A simple answer: you reach a saturation point.
Also, I think a lot of homesteaders are practical. Our gardens die, our livestock get sick, hours of canning can be ruined by a busted glass jar… Like everything else in life I just tackled it head on. We talked with the kids about covid, racism, economic status, and a host of the world’s ills. Then we set the expectation that we will do better and not worry what others are doing. We will wear our masks and be polite to those that don’t. We will support melanated voices and business with our money and celebrate everyone’s effort toward a just cause instead of judging the efforts of others.
We will plant our goddamn squash over the graveyard of our failed potatoes.

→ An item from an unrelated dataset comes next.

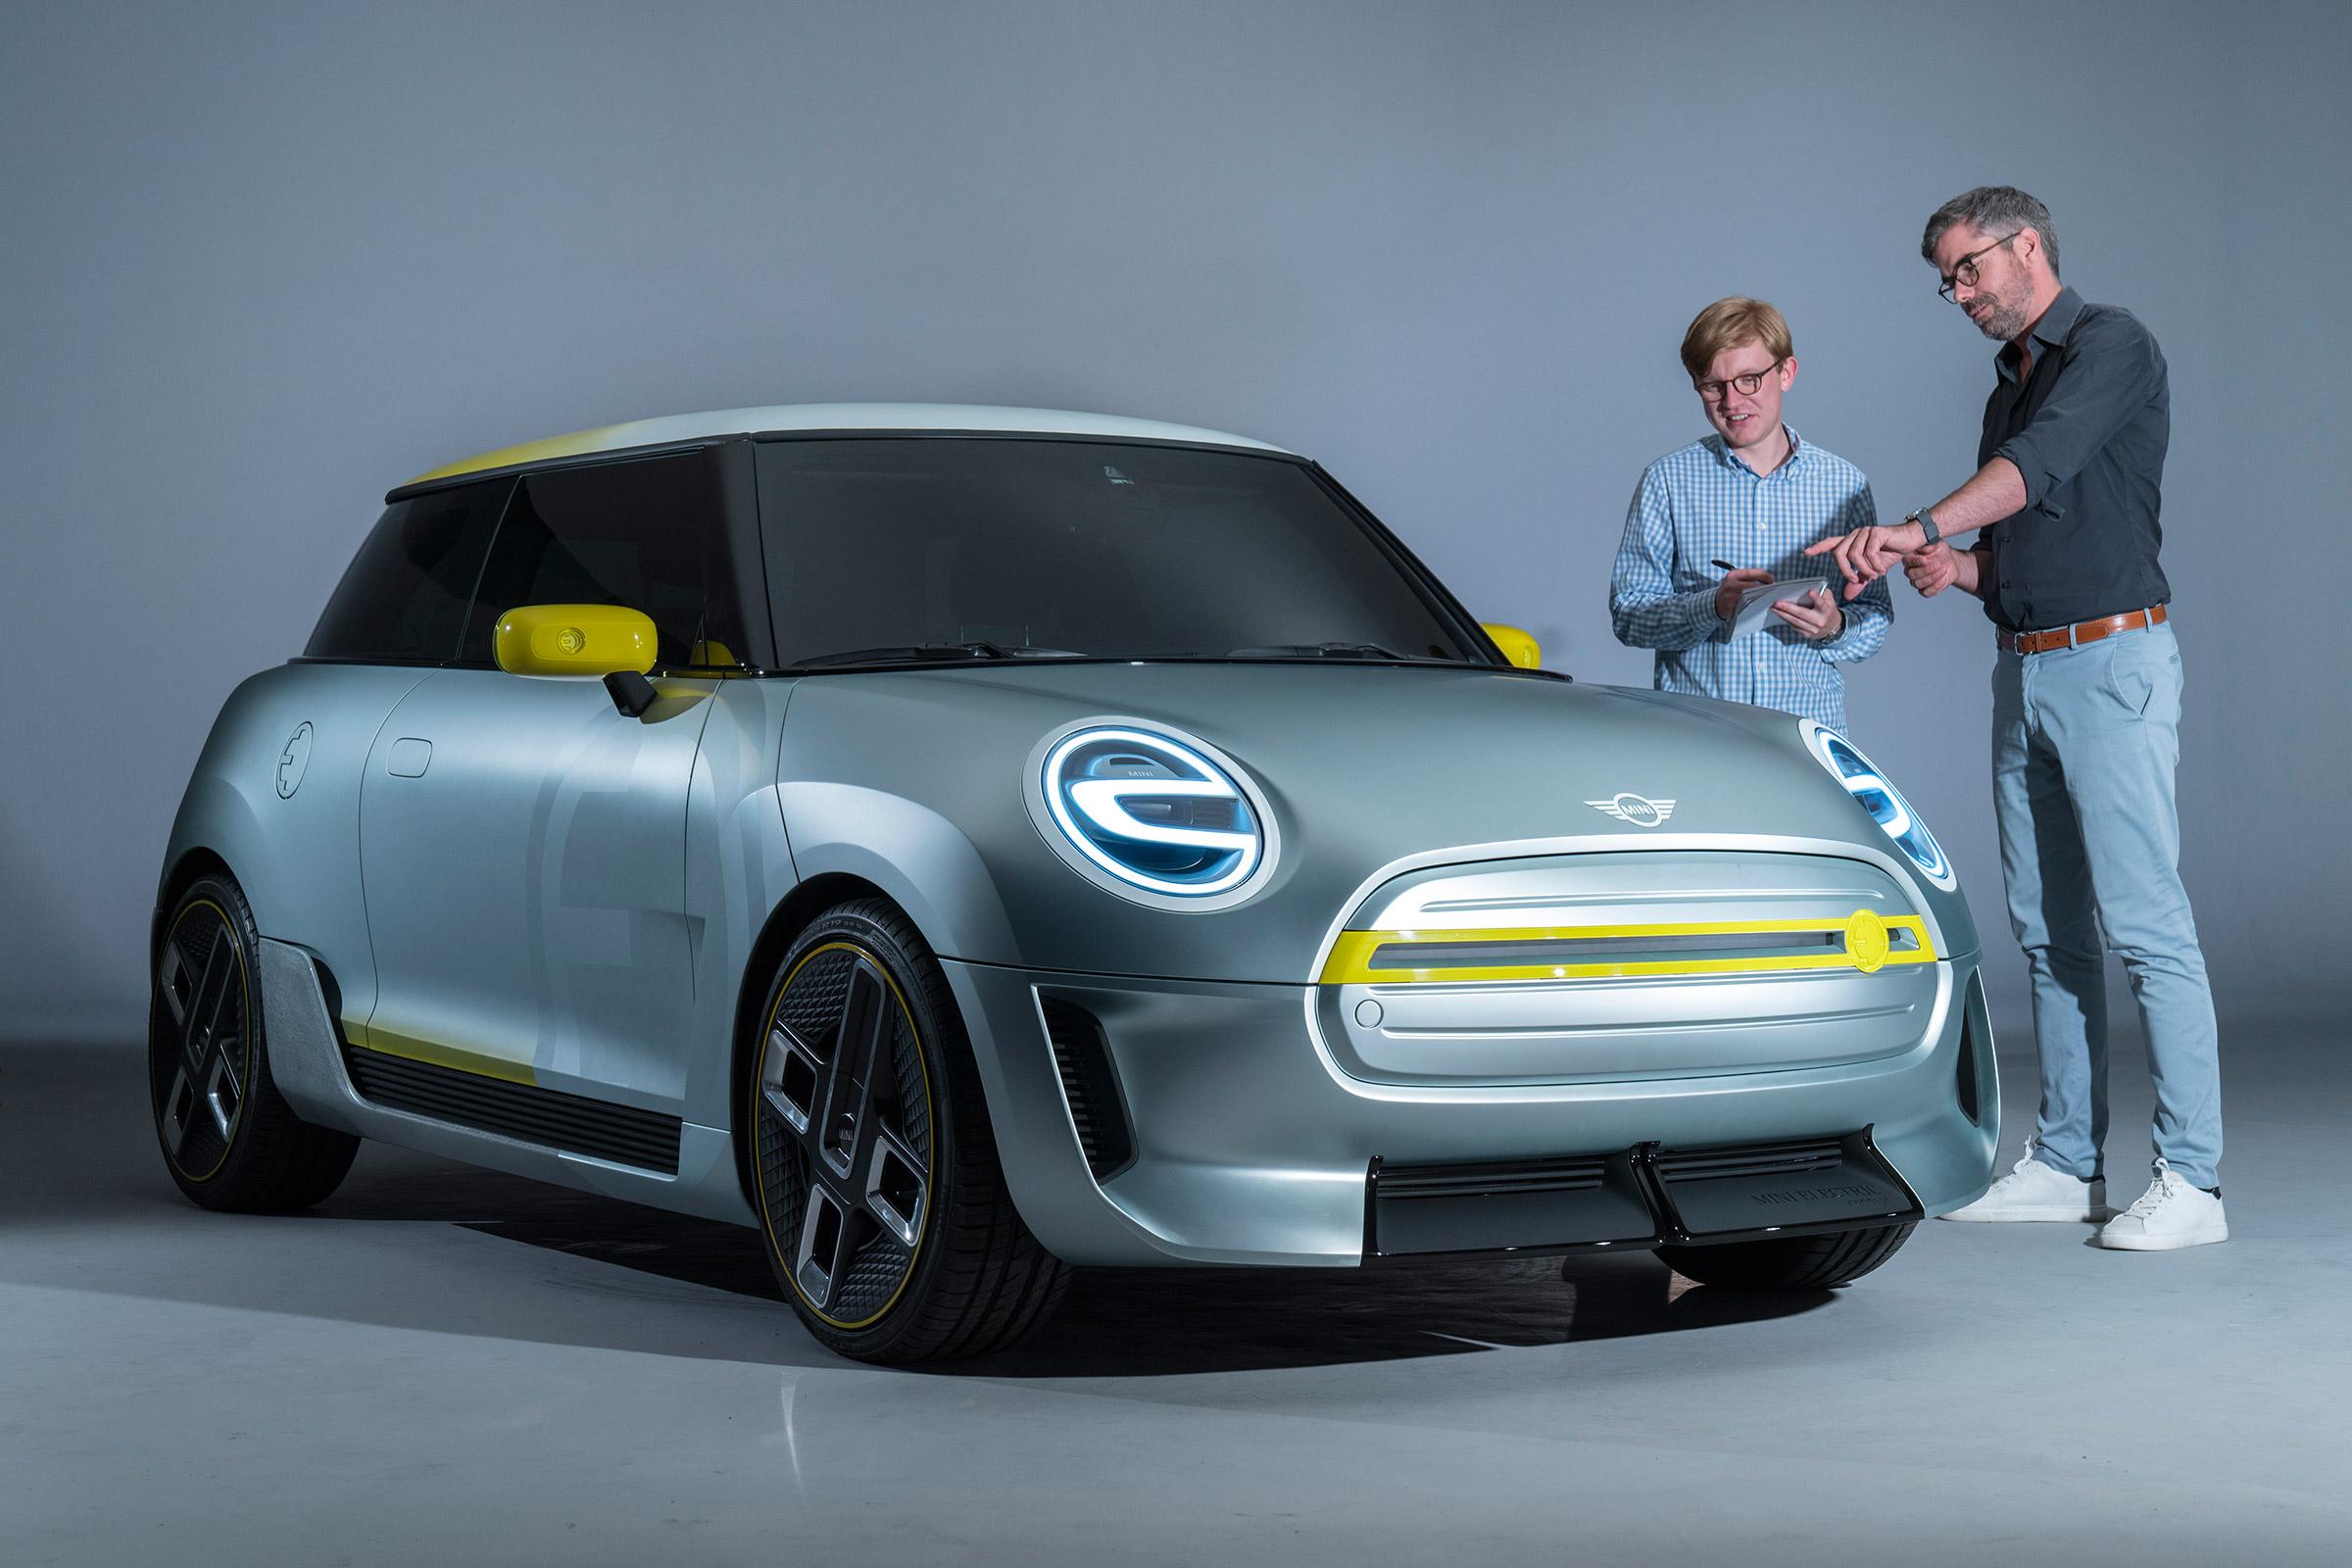 Electric Mini Cooper >> [100% Electrique] MINI Electric [2019 - 202x] - Auto titre

And With That We Find June.
First, most of the plants made it. I still have two really stunted tomatoes and one squash that is tiny from the frost. I lost a few things here and there, but overall the garden seems to be hitting its stride. Despite my warm shower tears in early spring our losses weren’t great. Everything gardenwise is going well except for the flea beetles on the eggplant, and the curl leaf aphids on the apple, and all the usual host of bullshit we deal with on a yearly basis. At least the bear isn’t eating my swiss chard at the moment… And yes, this is a thing.
And our own potato famine? Well it appears to be over because the fun in fiasco is that I now have potatoes in my squash.
That folks is how you make seed potatoes from grocery store potatoes. So now you can finally bask in my garden brilliance all these months later.
The. Fucking. End. (And summer gardening beginning).